**SUPPLIED DATA:**
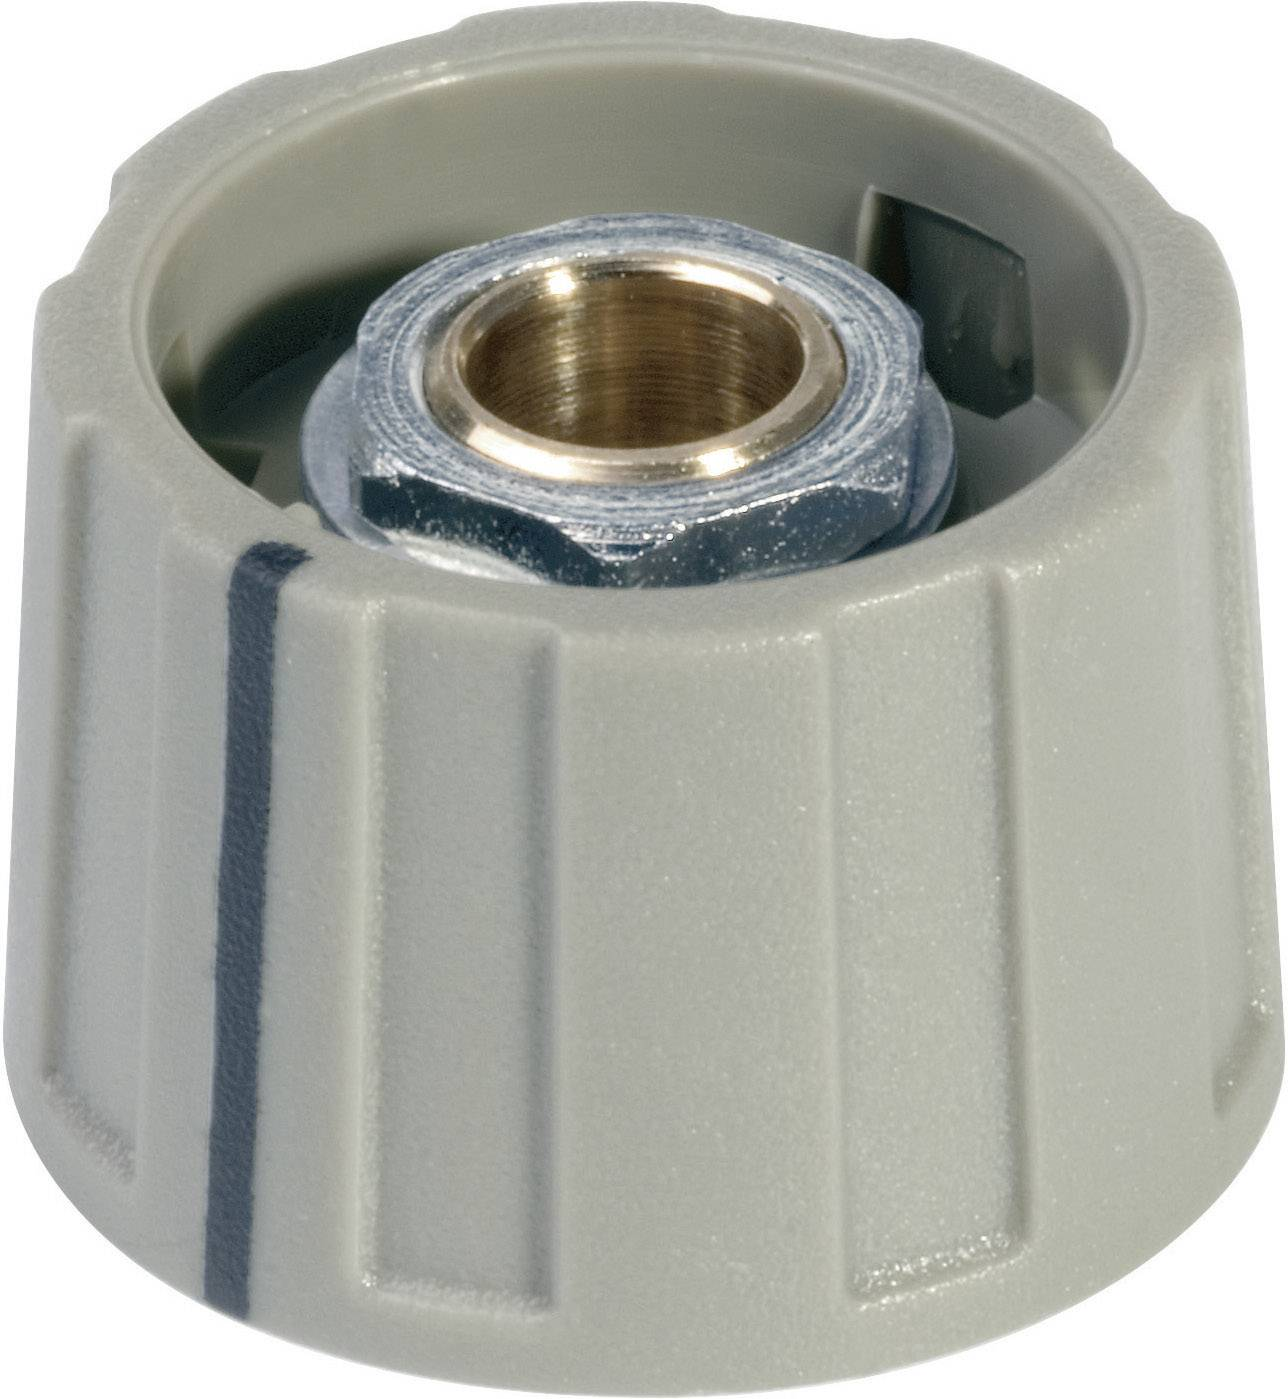 Otočný knoflík bez ukazatele (/O 23 mm) OKW, 6 mm, šedá
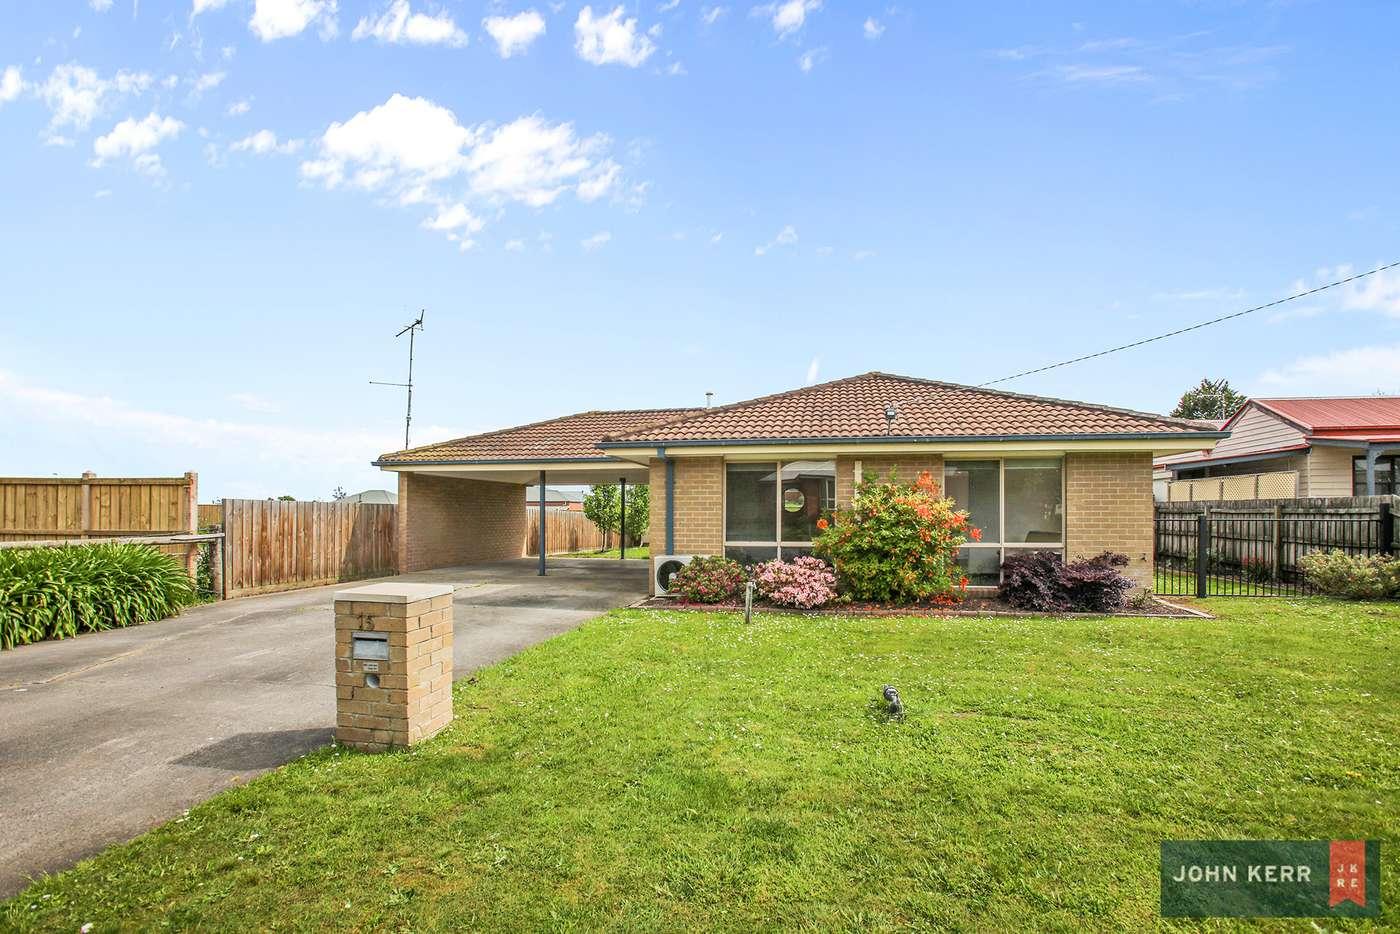 Main view of Homely house listing, 15 Centenary Drive, Trafalgar VIC 3824
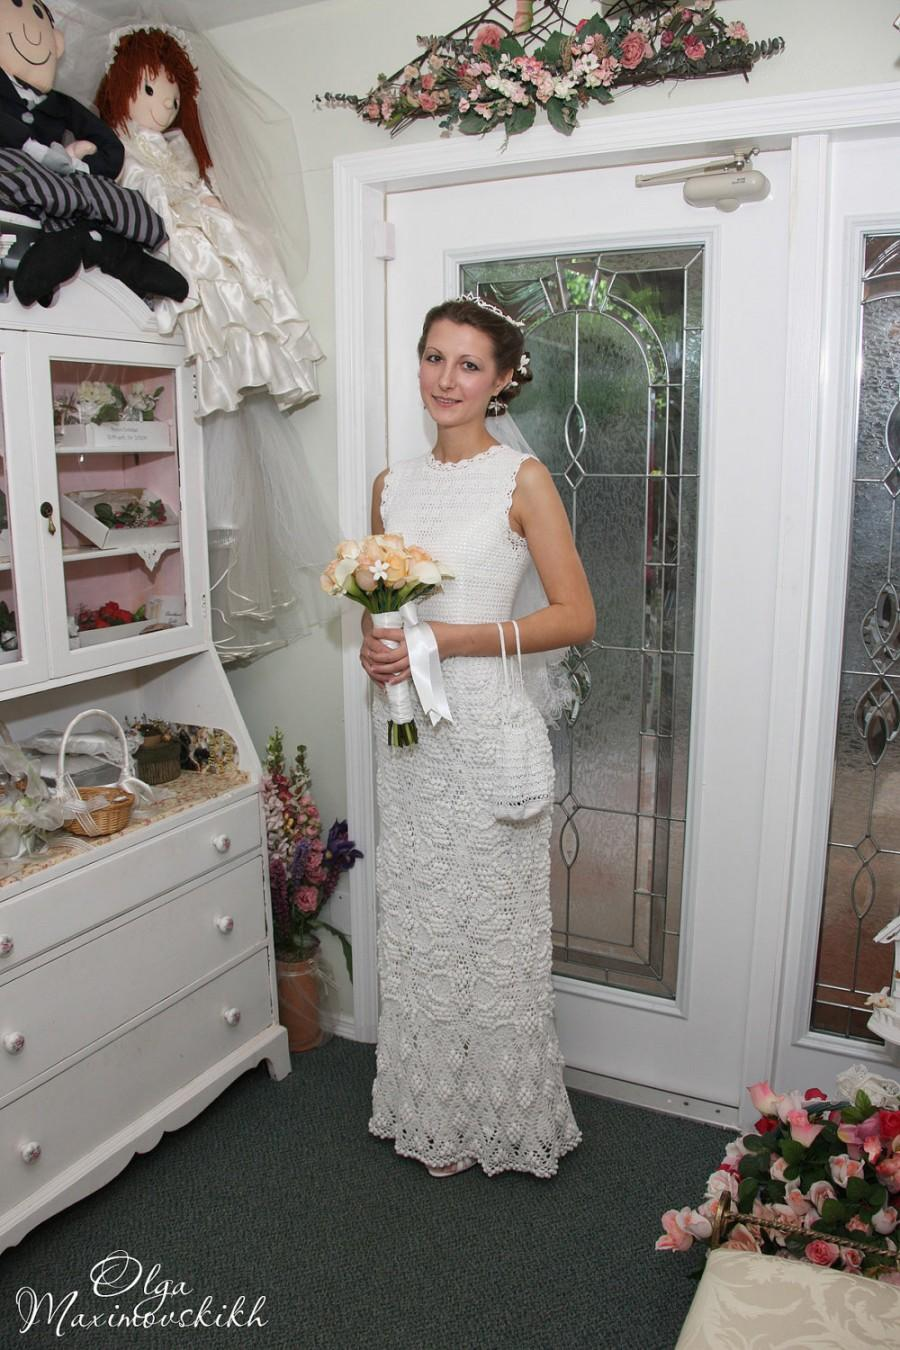 Crochet Wedding Dress. Made To Order. Custom Made #2440000 - Weddbook

**TASK DESCRIPTION:** All of the material must be given again exactly, though no picture may appear in the copy.

**TASK RESULT:**
 Otočný knoflík bez ukazatele (/O 23 mm) OKW, 6 mm, šedá
 Main view of Homely house listing, 15 Centenary Drive, Trafalgar VIC 3824
 Crochet Wedding Dress. Made To Order. Custom Made #2440000 - Weddbook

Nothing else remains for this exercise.